Qwen3.6-27B: SGLang FP8 + NGRAM vs vLLM NVFP4 + MTP — Two Sparks, Two Stacks

Two DGX Spark units running different inference stacks side by side

Our last Qwen3.6 post closed with Spark 1 running SGLang FP8 at 22+ t/s using NEXTN speculative decoding, and Spark 2 freed up for other workloads. Since then we've been experimenting with Spark 2 running a different stack entirely: vLLM with NV-FP4 quantization and MTP speculative decoding. We ran the same llama-benchy sweep on both today. The comparison is instructive.

The short version: NV-FP4 + MTP on Spark 2 does ~23–27 t/s single-user. SGLang FP8 + NGRAM on Spark 1 does ~13 t/s. There's a reason for the gap, and it's not purely the quantization.

What Changed on Spark 1

The previous post cited NEXTN as delivering 22.6 t/s at c1. That number is still real, but NEXTN is currently broken on the updated scitrera/dgx-spark-sglang:0.5.12 image. The bug is in tokenizer_manager.py — the updated image added speculative_num_draft_tokens into a max() call that defaults to None when not set, causing a TypeError. That's patchable with --speculative-num-draft-tokens 20, but a deeper issue follows: the EAGLE framework pre-allocates mem_fraction_static × total_cuda_memory for the draft model workspace before loading the main model weights. On GB10 with ~112 GB CUDA-visible memory, that pre-allocation consumes ~92 GB, leaving nothing for the 27 GB of FP8 weights. The server OOMs before the model ever loads.

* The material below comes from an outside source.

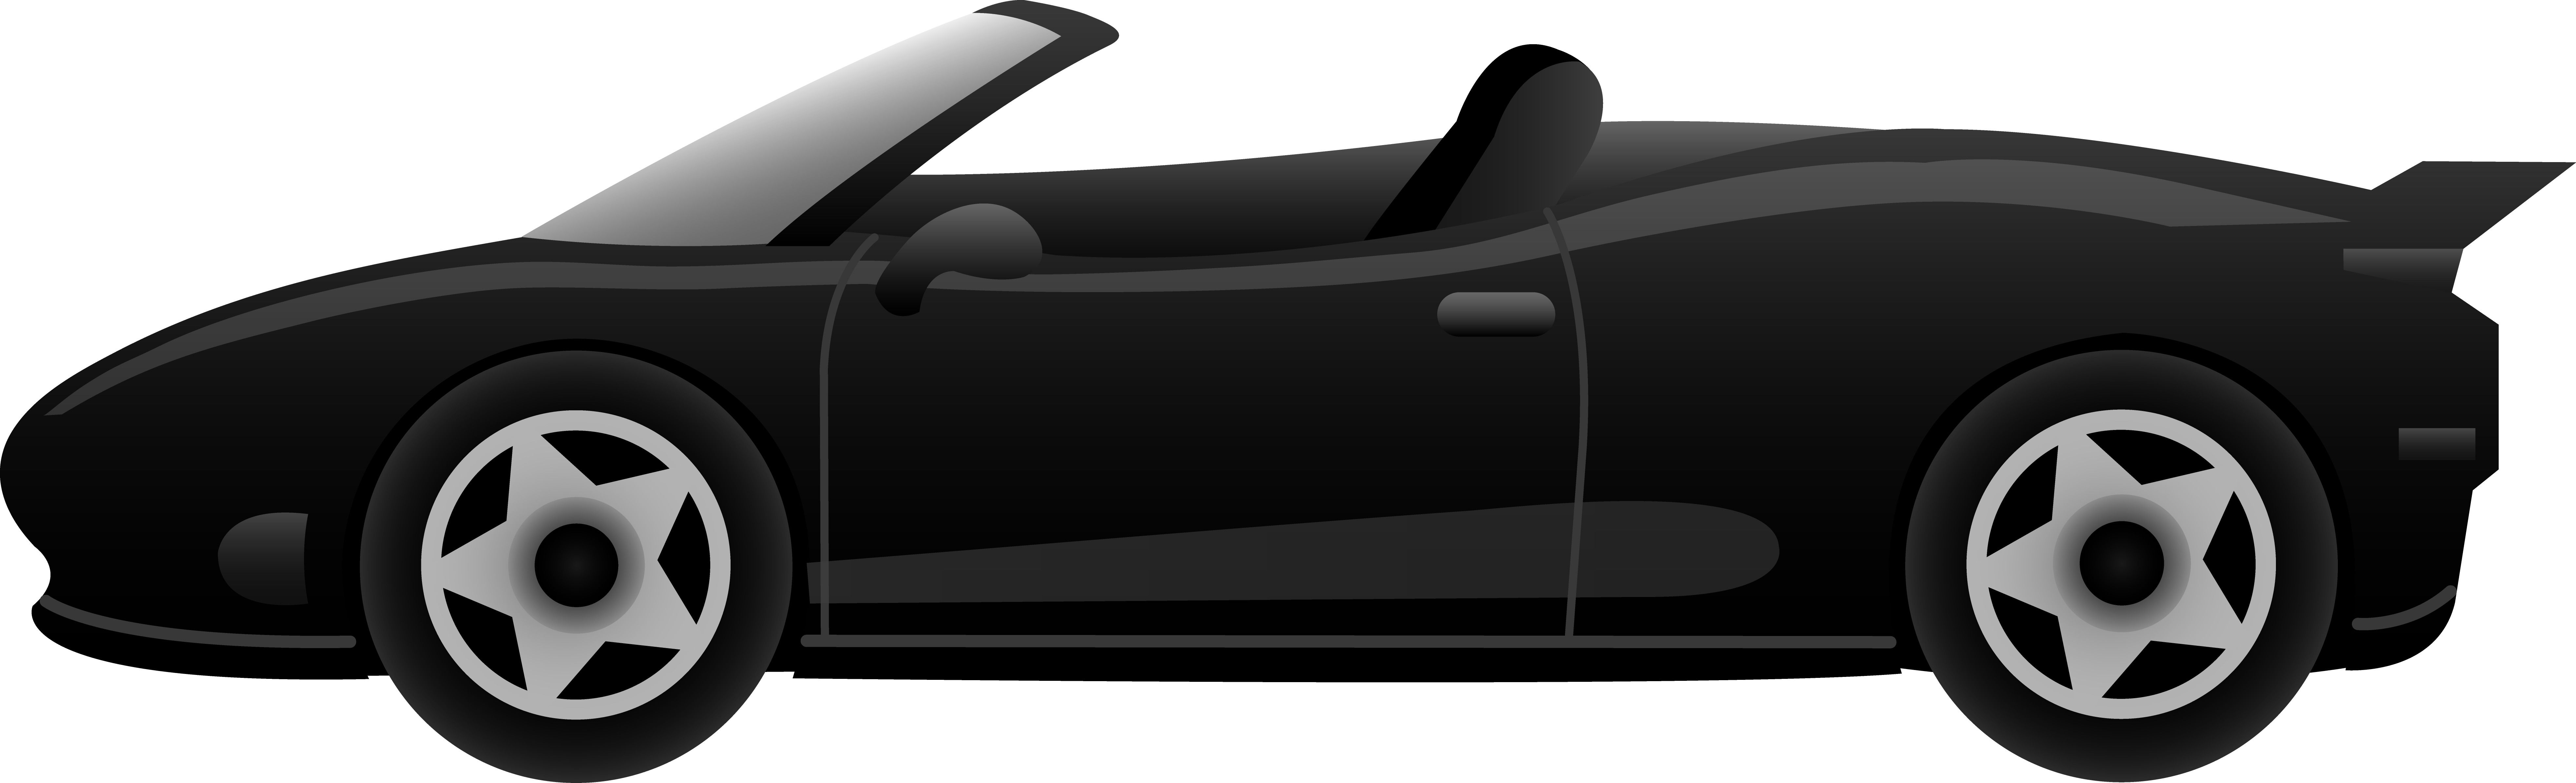 7863x2391 Race Car Clipart Side View

The workaround is NGRAM speculative decoding. NGRAM requires no draft model — it proposes tokens by matching n-gram patterns in the prompt itself. Zero memory overhead, but a much lower accept rate than NEXTN: ~20% vs ~60–70% with a trained draft head. The practical result is ~13 t/s instead of ~22 t/s at c1. Half the speed, but stable.

Fixing NEXTN would require either patching the SGLang container (doable) or waiting for an upstream fix to the pool_configurator pre-allocation logic. We'll get back to it. For now, Spark 1 is the NGRAM baseline.

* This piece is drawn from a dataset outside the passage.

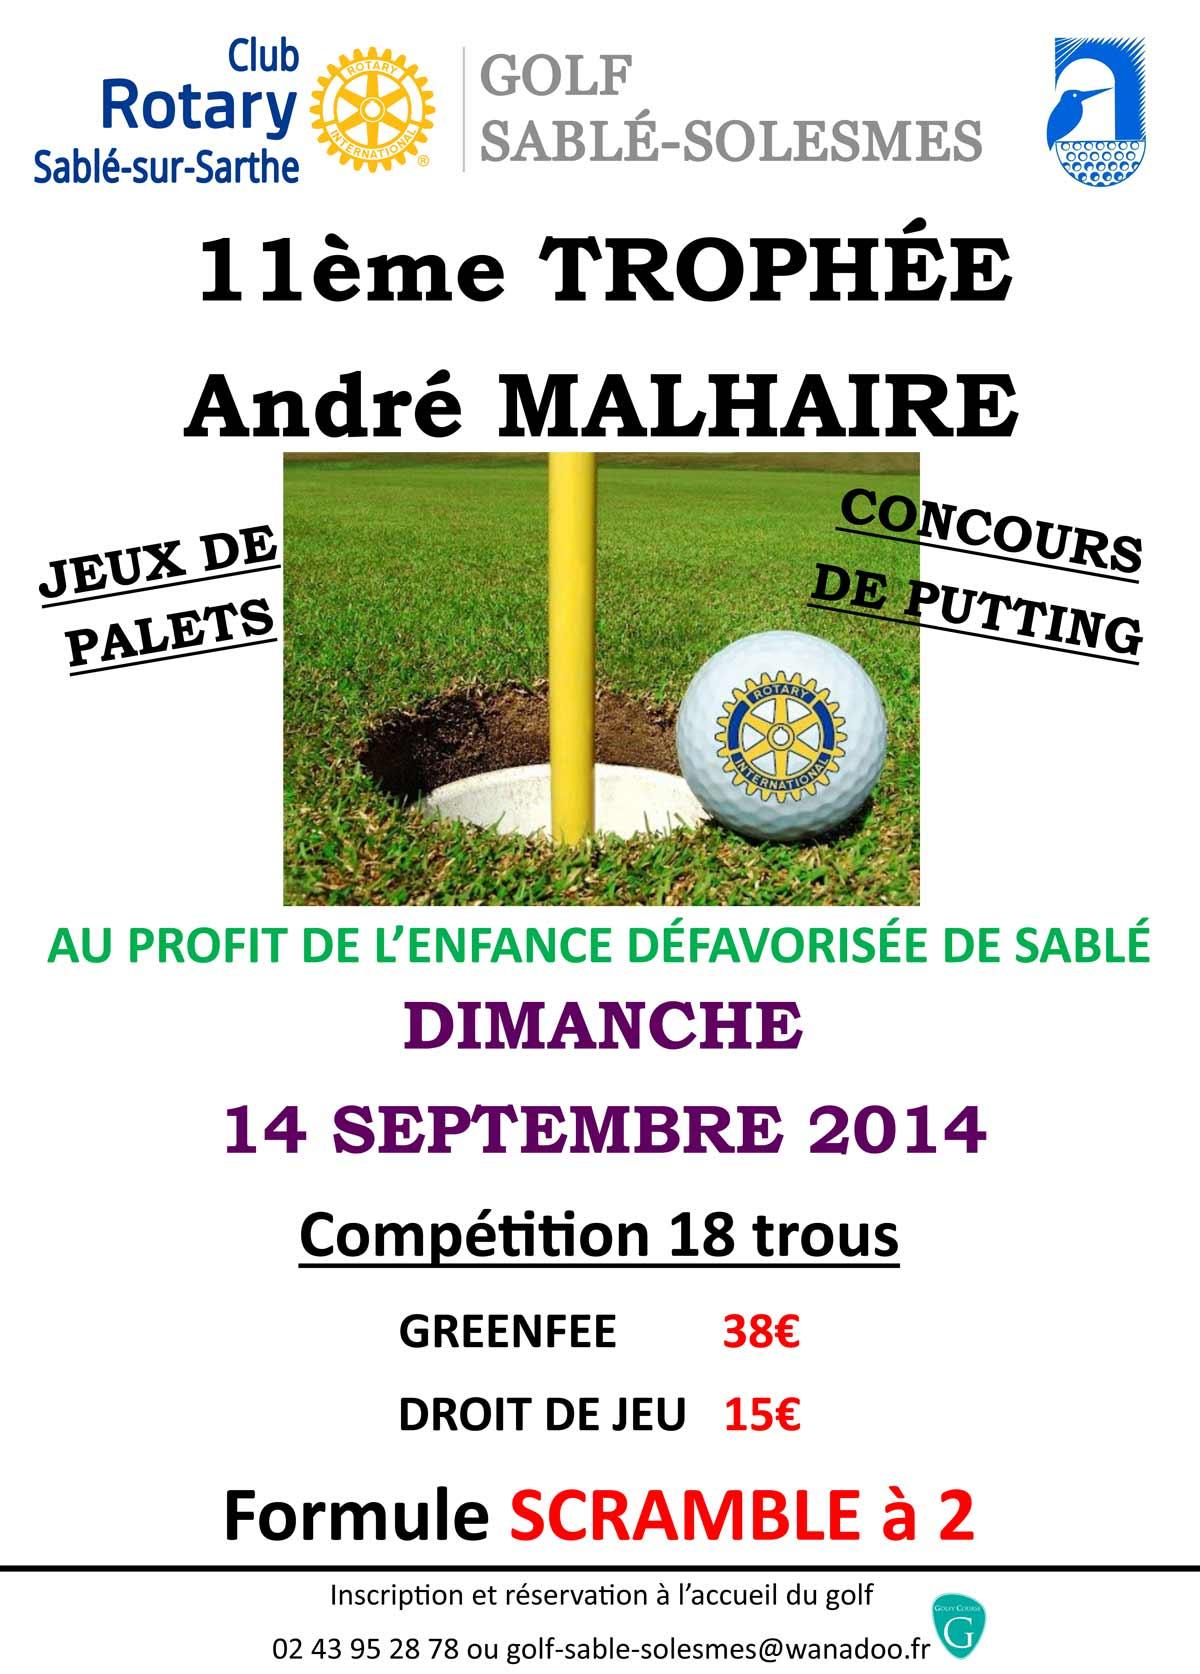 Trophee-Malhaire-2014

Spark 2: vLLM + NV-FP4 + MTP

While Spark 1 was fighting the NEXTN OOM, Spark 2 went in a different direction. The stack:

Model: sakamakismile/Qwen3.6-27B-Text-NVFP4-MTP — NV-FP4 quantized, text-only, MTP heads pre-trained
Container: ghcr.io/spark-arena/dgx-vllm-eugr-nightly:latest — vLLM nightly build for GB10
Quantization: NV-FP4 via --quantization modelopt
Speculative decoding: qwen3_5_mtp method, 3 draft tokens per step
Context: 8192 max tokens, KV cache in FP8

NV-FP4 is NVIDIA's 4-bit floating point format, native to Blackwell (B100, GB10). It's more aggressive than FP8 — halving the weight footprint again, from ~27 GB to ~14 GB. The GB10's unified memory architecture handles this well: the tensor cores have native FP4 support, so there's no dequantization penalty at inference time. The tradeoff is precision; the model variant used here was fine-tuned after quantization to recover quality.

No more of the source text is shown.